As pesquisas assustam. Uma após outra, revelam que os jovens brasileiros estão cada vez mais virando as costas para a política. As discussões sobre os rumos do país, que tanto mobilizavam os estudantes há poucas décadas, parecem interessar apenas a meia dúzia de gatos pingados.
Já não se associa o ato de votar a mudanças na sociedade. Muitos ligam a política à imagem nada simpática que têm dos políticos. O que fazer? Atentos à conjuntura, os alunos do último ano do curso noturno de Jornalismo da UEL decidiram intervir no debate com a publicação de um jornal-laboratório dedicado exclusivamente às próximas eleições.
Mais do que isso: a intenção é distribuir toda a tiragem para estudantes do ensino médio. ''É o nosso público-alvo. Queremos sair do ambiente acadêmico e quebrar o mito de que a política é um tema incompreensível para os jovens'' explica Luiz Fernando Manzoli, um dos alunos envolvidos no projeto, que tem orientação do professor Ossamu Nonaka.

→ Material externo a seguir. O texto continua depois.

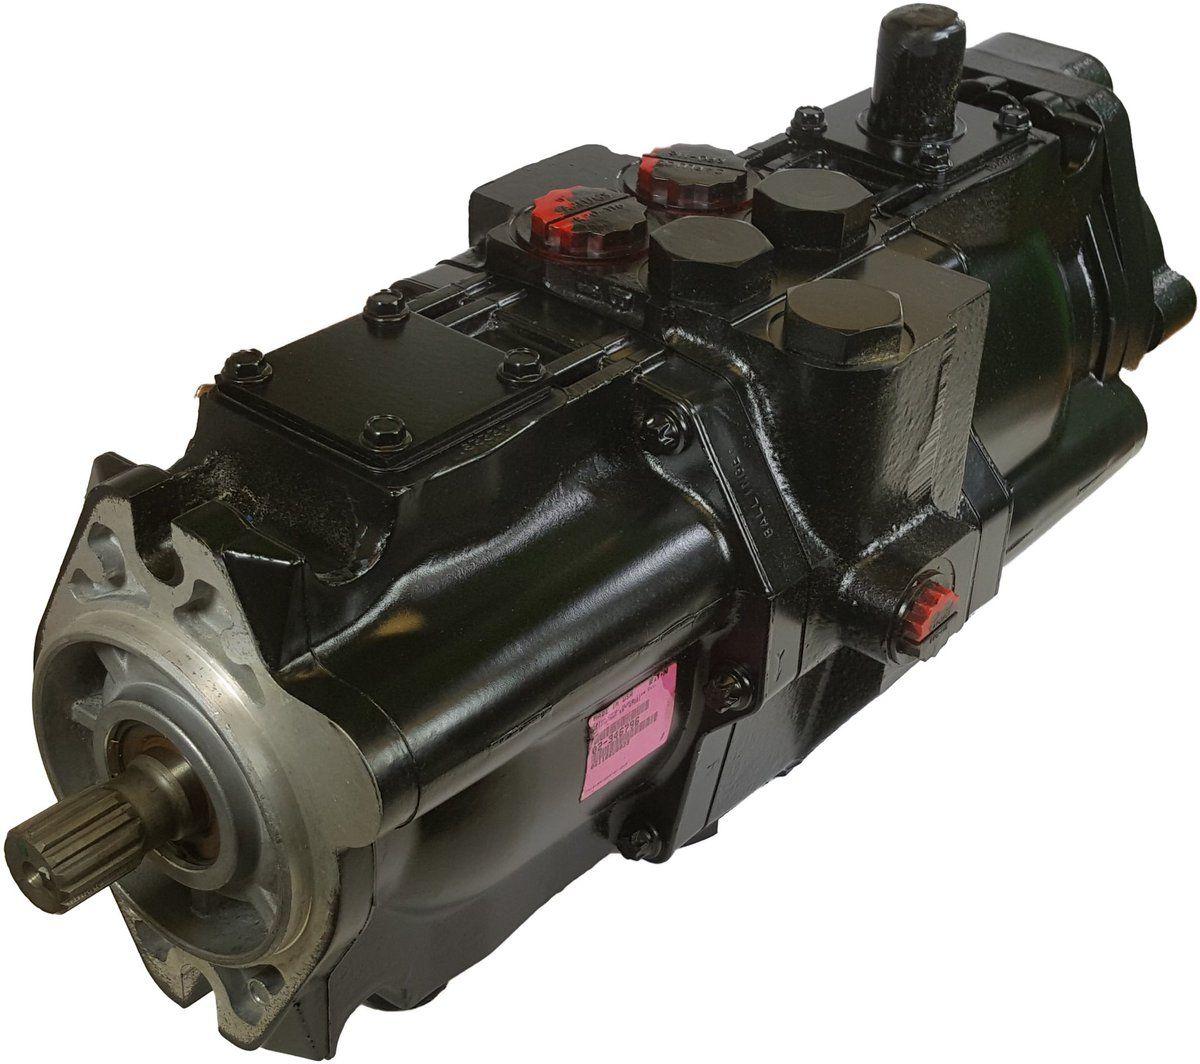 Vickers Hydraulic Pumps & Motors | Hydraulics | Hydraulic

O jornal, intitulado ''Pré-Texto'', tem caráter experimental. Faz parte do currículo do curso. É publicado como um exercício de reportagem, redação, diagramação e edição para os futuros jornalistas. Em geral, circula apenas na comunidade universitária. Desta vez, vai buscar leitores fora do campus.
''A idéia é abordar temas gerais, destrinchando o funcionamento das instituições políticas'' explica Fábio Ventura, outro aluno. ''Não queremos catequizar ninguém, mas despertar a consciência da cidadania mostrando a importância do voto e de como as eleições influenciam nossa vida''.
Marketing político, coligações partidárias, pesquisa eleitoral e votos facultativo e obrigatório serão alguns dos tópicos didatizados ao longo das páginas. A conexão política-rock também ganhará destaque, focalizando bandas engajadas em causas sociais e humanitárias. Para Ventura, a cobertura política dos grandes meios de comunicação é falha por tratar fatos políticos isolados e limitar-se em períodos eleitorais ao dia-a-dia da campanha.
''O noticiário é voltado mais para o consumo dos candidatos do que para a educação política dos eleitores'' fulmina. Para não espantar os leitores arredios ao tema, os alunos pretendem explorar uma linguagem atrante sem cair na banalidade. ''Precisamos ser claros, diretos e concisos. Este será nosso desafio'' afirmam. O jornal-laboratório está previsto para sair em setembro.